Reed's strategy initially met with success, as Skandalakis narrowly defeated Day in the Republican primary run-off. But Skandalakis lost the general election.

===Century Strategies===
While running the Skandalakis campaign in 1997, Reed co-founded Century Strategies with political strategist Tim Phillips. Century Strategies describes itself as "one of the nation's leading public affairs and public relations firms." While initially engaged primarily in campaign consulting for Republican candidates its mission evolved into advocacy and lobbying.

Reed helped Alabama Governor Fob James win renomination in a bitterly contested Republican primary, only to become the first Republican in over a decade to lose the Alabama governor's election.
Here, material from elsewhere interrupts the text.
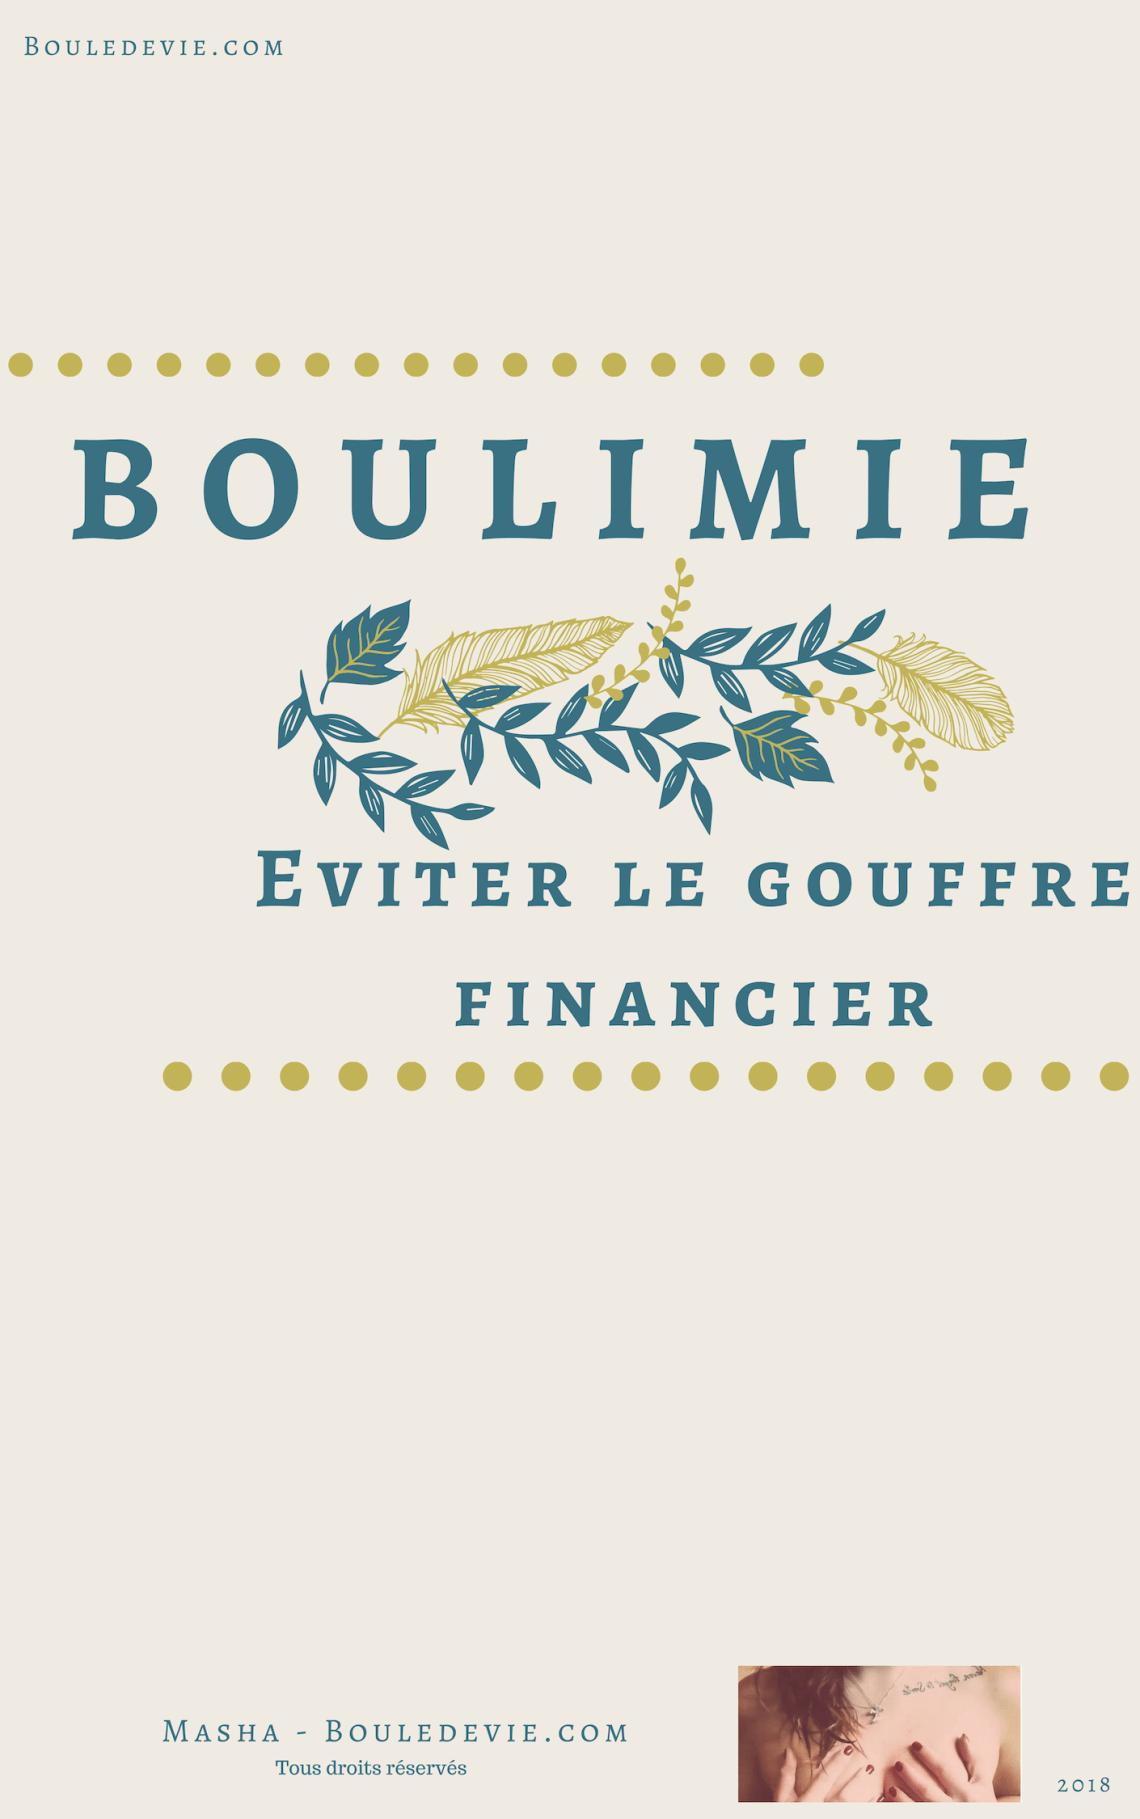 boulimie, anorexie, tca, s'en sortir financièrement, éviter le gouffre financier, boule de vie, bouledevie.com, masha

Immediately after the 1998 election, Reed shifted gears to corporate work. In 1999, Abramoff helped Reed get hired as a consultant subcontractor for Preston Gates & Ellis.

Reed is credited with attacks on Senator John McCain in the 2000 South Carolina presidential primary, together with Roberta Combs, then head of the South Carolina Christian Coalition, who later took over the national Christian Coalition. Bush's defeat of McCain in that primary came at a key moment and ended McCain's early momentum from an upset victory in the New Hampshire primary.

Reed's $20,000 per month contract with Microsoft proved a minor embarrassment to the Bush campaign in the summer of 2000 when it was revealed that the software giant, which was being prosecuted for antitrust violations, had hired a number of Bush aides as consultants and lobbyists. Reed apologized for the "appearance of conflict" but continued to accept the money until 2005, when Microsoft terminated Reed amid the Indian gaming scandal.

Some conservatives have criticized Reed's choice of clients and suggested that he has inappropriately profited from his credentials as a conservative Christian leader. The conservative Alabama group Obligation, Inc. is a fierce critic of Reed's client Channel One News, arguing that the company pumps classrooms full of "commercials for junk food and sleazy movies."

In 1999, Reed's firm sent out a mailer to Alabama conservative Christians asking them to call then-Representative Bob Riley and tell him to vote against legislation that would have made the Northern Mariana Islands subject to federal wage and worker safety laws. Abramoff represented the commonwealth as a partner of Greenberg Traurig and received $4.04 million from 1998 to 2002. Greenberg Traurig, in turn, hired Reed's firm to print the mailing.

===Georgia Republican Party chairman===
In 2001, Reed mounted a campaign for State Chairman of the Georgia Republican Party, a volunteer job. His candidacy attracted national media attention, and challenges from three opponents.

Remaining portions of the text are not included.